# Royal Morphs



## Aquai (Feb 11, 2009)

Can someone just tell me the genetics behind Pewters and Lessers as i'm trying to figure out possible outcomes from these.

Thanks

James​


----------



## alan1 (Nov 11, 2008)

two types of pewters...
black pastel x pastel
cinny x pastel

lesser is a co-dom base morph, like pastel, fire, mojave etc...


----------



## Aquai (Feb 11, 2009)

Ahh right, that explains the pewter's then, thanks for that



> lesser is a co-dom base morph, like pastel, fire, mojave etc...

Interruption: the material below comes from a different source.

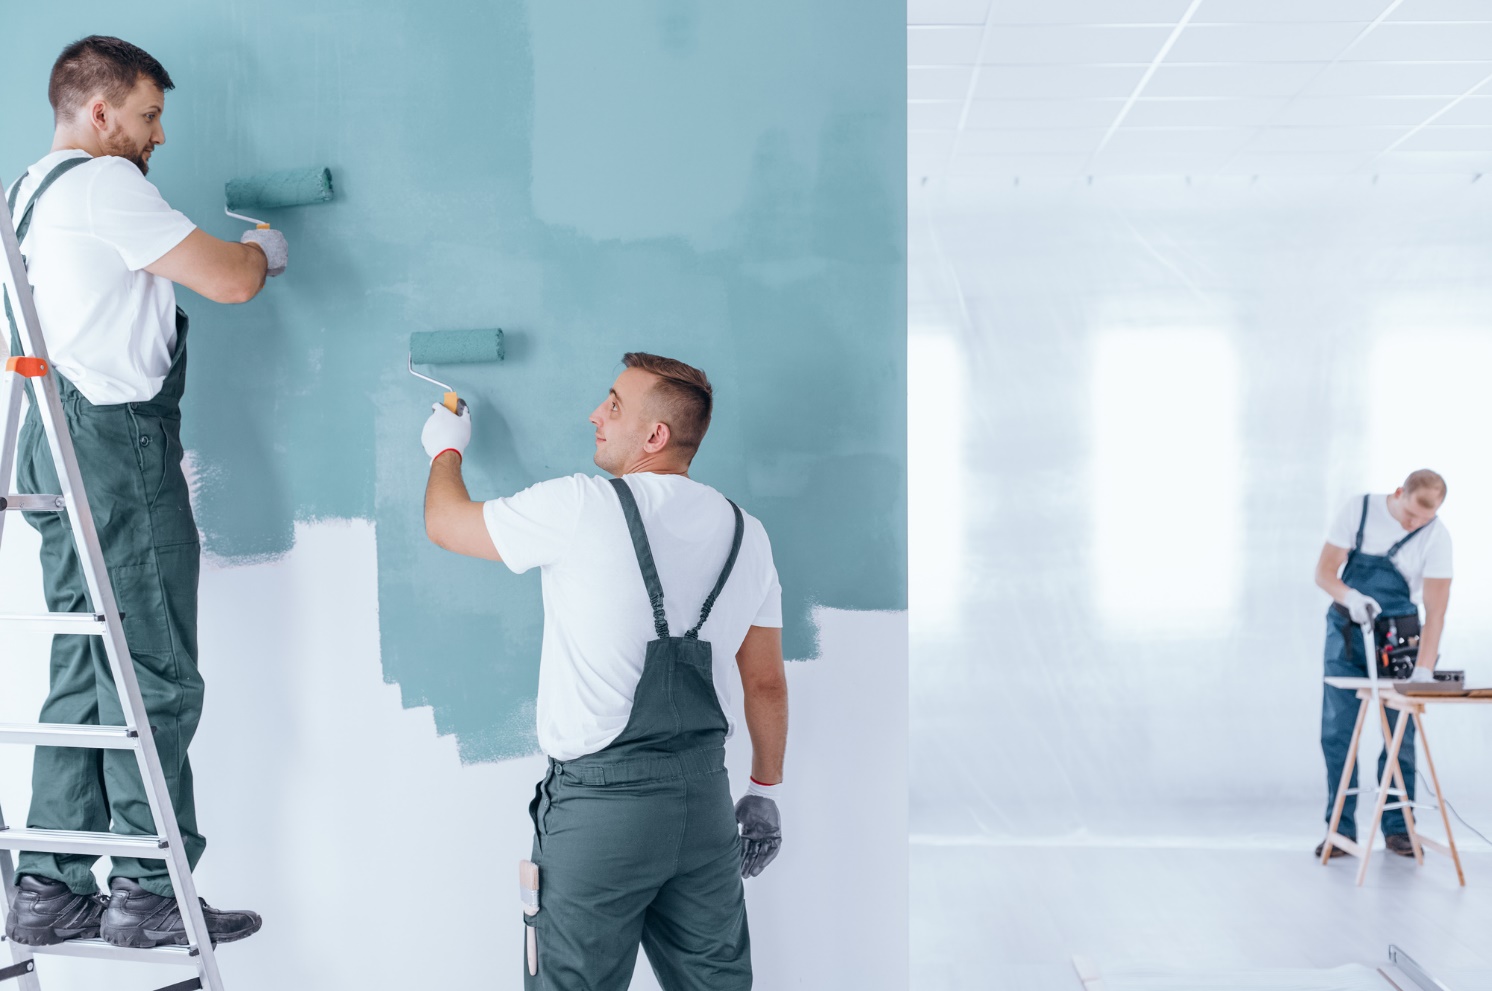 Three men working for a painting company paint a wall in a room.

So why do they carry such high price tags?


----------



## alan1 (Nov 11, 2008)

Aquai said:


> Ahh right, that explains the pewter's then, thanks for that
> 
> 
> 
> So why do they carry such high price tags?


demand, + they're a combo (one of the cheapest tho)... bees are about the same price

why are lesser bees £3k ish... they're "only" lesser x spider, thats all !!!


----------



## SNAKEWISPERA (Aug 27, 2007)

Aquai said:


> Ahh right, that explains the pewter's then, thanks for that
> 
> 
> 
> So why do they carry such high price tags?



Because they are good at making combo morphs, and blue eyes...
:2thumb:


----------



## Aquai (Feb 11, 2009)

Think i'm gonna try get my hands on a lesser then, as this was what i wanted to hear regarding breeding from them =D​


----------



## SNAKEWISPERA (Aug 27, 2007)

Aquai said:


> Think i'm gonna try get my hands on a lesser then, as this was what i wanted to hear regarding breeding from them =D​




Lesser x Yellow belly = Red Spectrum...
Thats the best lesser morph IMO : victory:


----------



## Aquai (Feb 11, 2009)

Yeah, they're very nice.

So let me get this straight, if i get my hands on a lesser and another morphs these are some of the more common possibilities;

Spider x Lesser = Lesser Bee
Pastel x Lesser = Pastel Lesser?
Yellow belly x Lesser = Red Spectrum

What about all the other more "common" morphs, i.e.

Cinnamon x Lesser = ?
Mojave x Lesser = ?
Pinstripe x Lesser = ? 
Fire x Lesser = ?

Thanks in advance​


----------



## Blackecho (Jun 30, 2008)

Aquai said:


> What about all the other more "common" morphs, i.e.
> 
> Cinnamon x Lesser = ?
> Mojave x Lesser = BluEL
> ...


Lesser x YB does not make a Red Spectrum unfortunately.


----------



## alan1 (Nov 11, 2008)

Blackecho said:


> Lesser x YB does not make a Red Spectrum unfortunately.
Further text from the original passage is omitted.